The canvass of MP views shows that 70% are likely to support the introduction of a new presumption against short sentences of less than 6-months for non-violent offences. The majority of Conservative MPs said they would support the policy, with a quarter saying they “strongly support” it.

Today Revolving Doors Agency launches a new paper showing the problems with short sentences.  New data obtained by Revolving Doors Agency under Freedom of Information legislation has found that of people sentenced to less than 6 months in custody:

  • 3 in 5 report a drug or alcohol problem on arrival at prison.
  • 1 in 4 are released homeless.
  • 7 in 10 reoffend within a year of release.

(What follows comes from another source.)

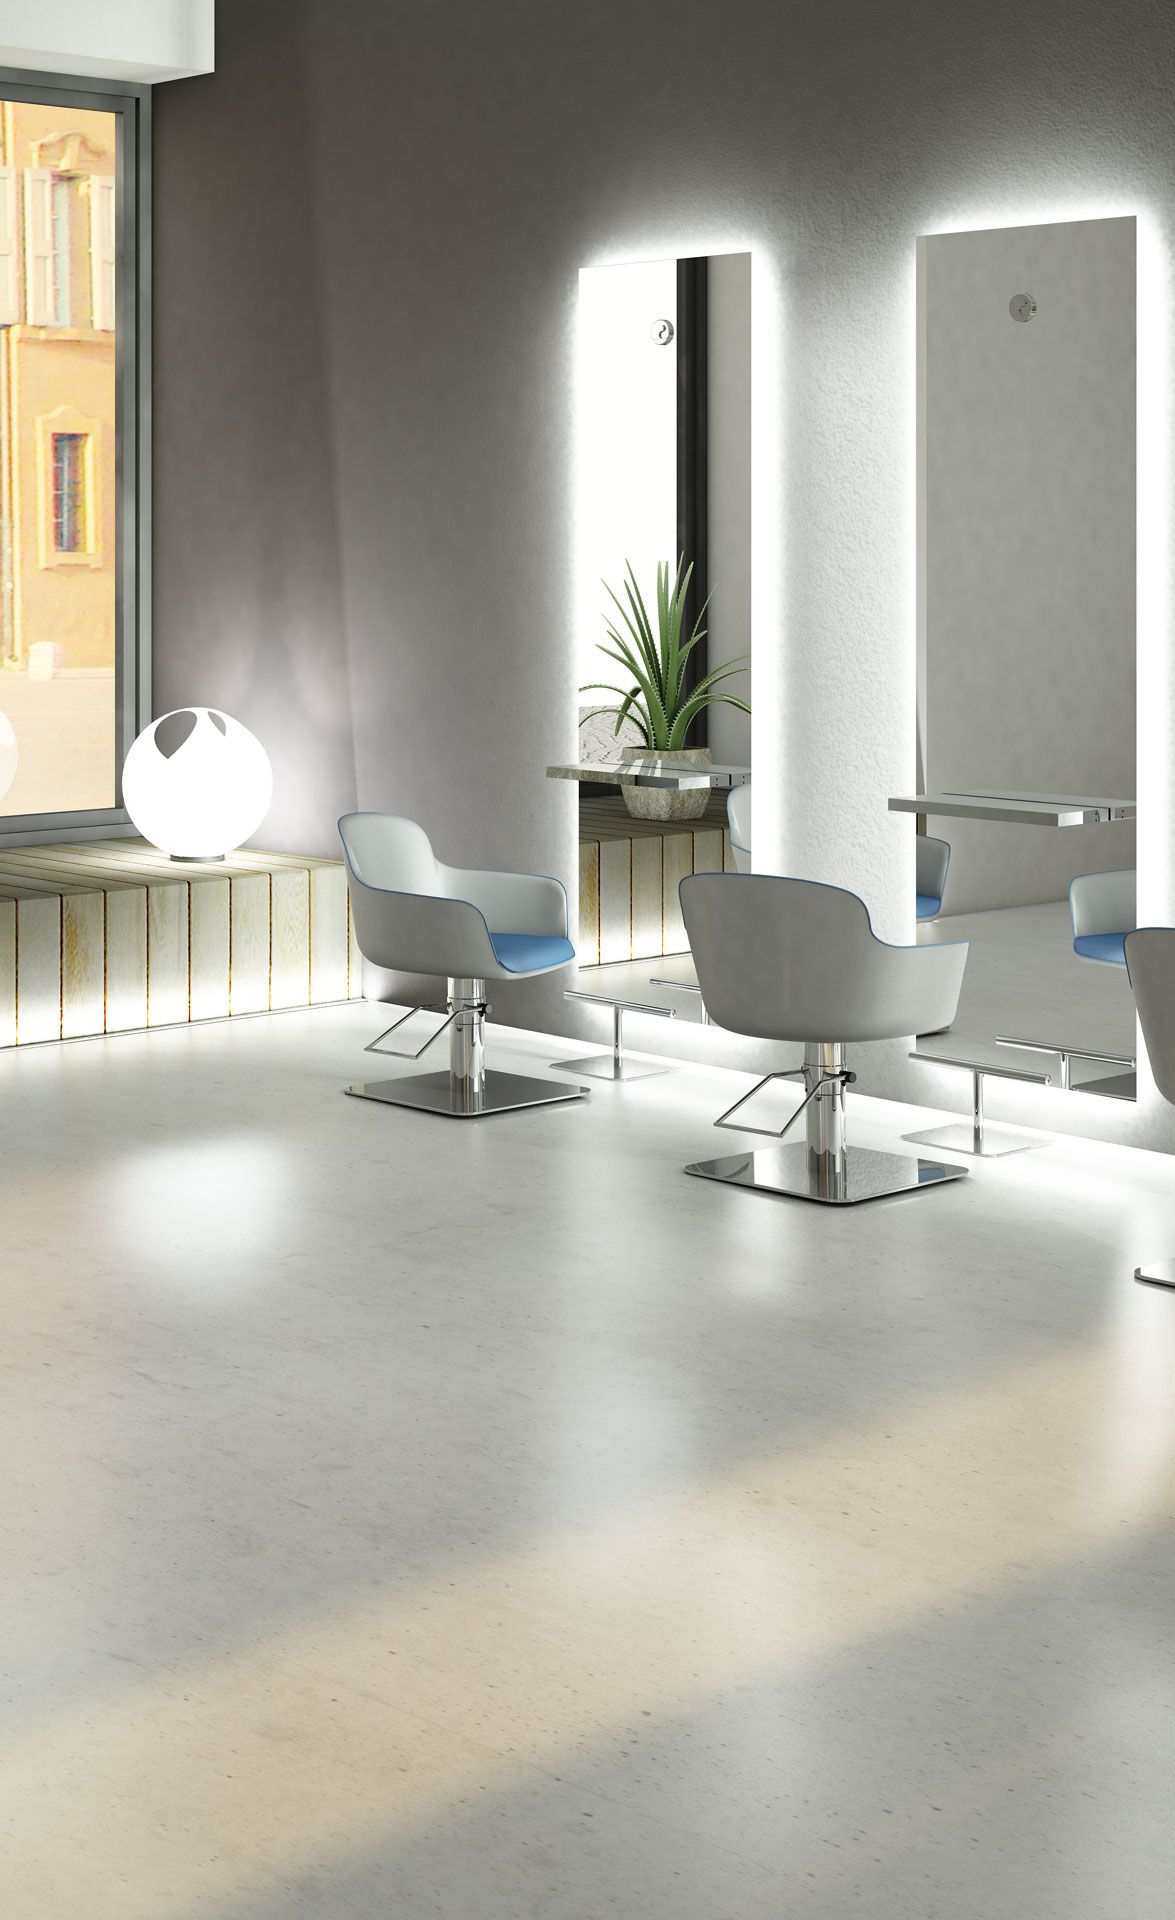 Minimal And Full Of Charm Amy Styling Chair Veil Styling Unit Area Footrest Http Www Pietranera Co Salon Suites Decor Beauty Salon Decor Hair Salon Decor

Revolving Doors’ analysis of newly released data[2] from Scotland shows that the presumption against prison terms of less than 3 months, introduced in 2010, had reduced use of short jail terms by 40%[3]. By 2016/2017 crime in Scotland had fallen over 18%, with a 26% fall in property crime[4].

Earlier this month, the Secretary of State David Gauke MP saidif we can find effective alternatives to short sentences, it is not a question of pursuing a soft-justice approach, but rather a case of pursuing smart justice that is effective at reducing reoffending and crime.”[5]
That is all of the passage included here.